Did you know that playing with straws in the bathtub is actually speech therapy? Who knew?!? We had Sunshine's post-palate repair/cleft clinic appointment on Monday and I spent some time with the team's speech pathologist. It's still a little too early after the palate repair for speech therapy, but she did give me a few tricks to get Sunshine on her way.
She said the most important thing to work on right now is re-directing her air flow. She has learned to use her nose to blow air for everything (which is why the "m" sound in "mama" is so easy for her). She blows bubbles with her nose (hehe), cools her food off with her nose ... anything you would blow air for with your mouth, she does with her nose. It's totally adorable and a common cleft issue, but now that Sunshine's palate is repaired, we need to correct it!
One of the fun ways she suggested to start working on this skill is by blowing air through a straw in the bathtub to make bubbles in the water. She even suggested holding her nose if necessary to block the air and force it to go through her mouth - that worked like a charm and even Sunshine was trying to hold her nose. Especially when making it a family affair and getting older brother involved, well she was all over it! The speech pathologist said that anything we can do to get her used to the feeling of air going through her mouth is good ... even if it's not perfect at first, this is the first step to making words.
Sunshine is really enjoying this therapy "game" ... although I need to keep reminding her to not bite the straw, she is getting better at blowing air through the straw on her own without my help. And she's actually making bubbles in the water, which just tickles her to pieces! It's only been 2 days so far, so I am excited to see how much progress she's made in the next few weeks.

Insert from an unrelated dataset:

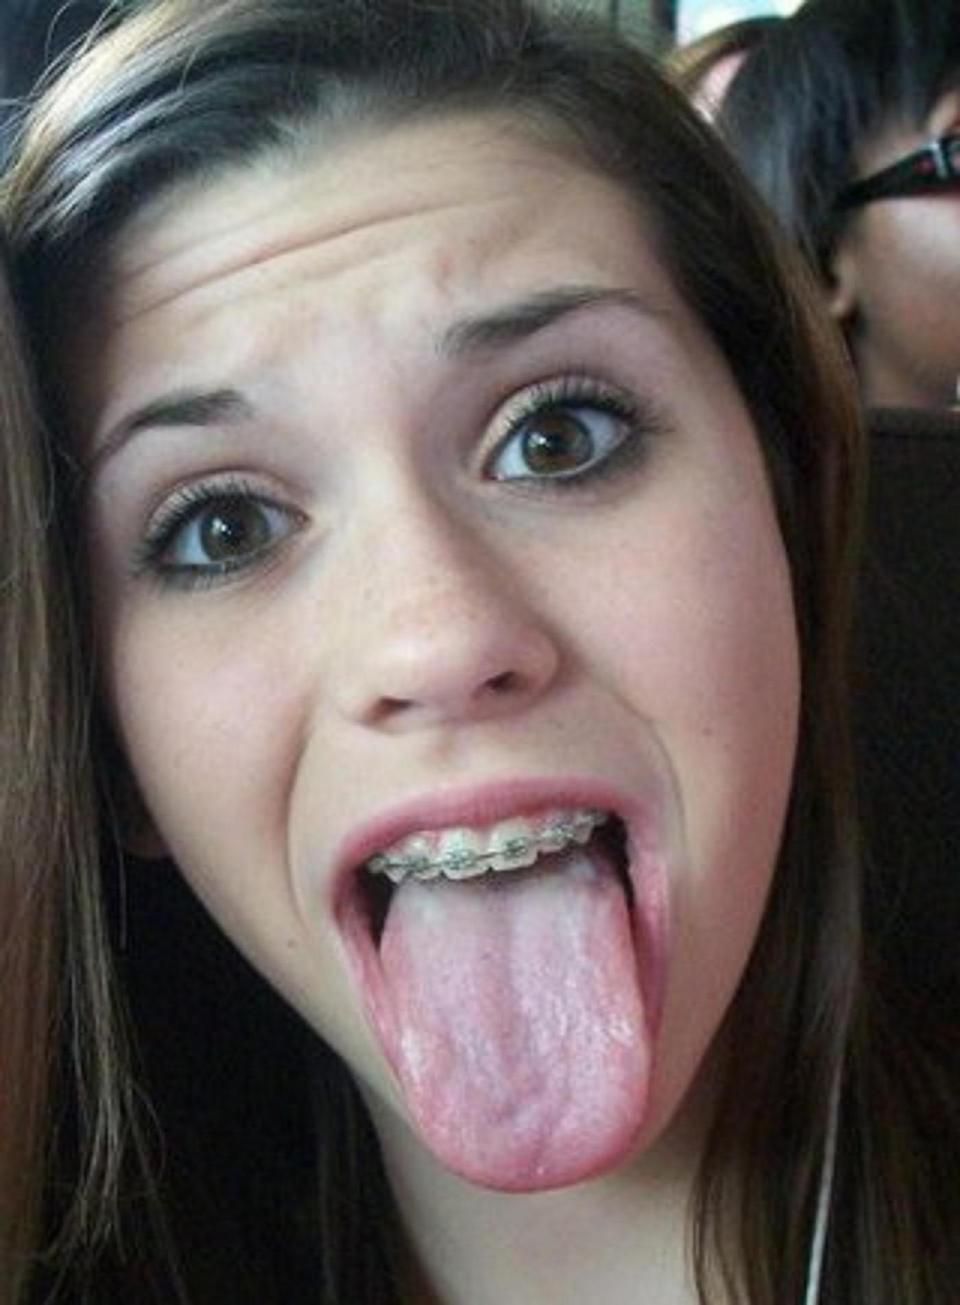 Girls with cum on tongue

There is still air escaping out of her nose when I'm not holding it closed, but she's already picked up on this game so much, I'm convinced that it won't be long before she's doing it perfectly.
Although Sunshine has a large ASL vocabulary, her verbal vocabulary is almost non-existent. She can make her points known in many situations, but certainly not all. And of course this easily leads to frustration for her (and us!), especially because she can understand everything we say to her and knows what she wants to communicate back. I can't imagine what it must feel like to know what you want to say but not be able to do it. It will be such a wonderful progression to hear her using verbal language in the future!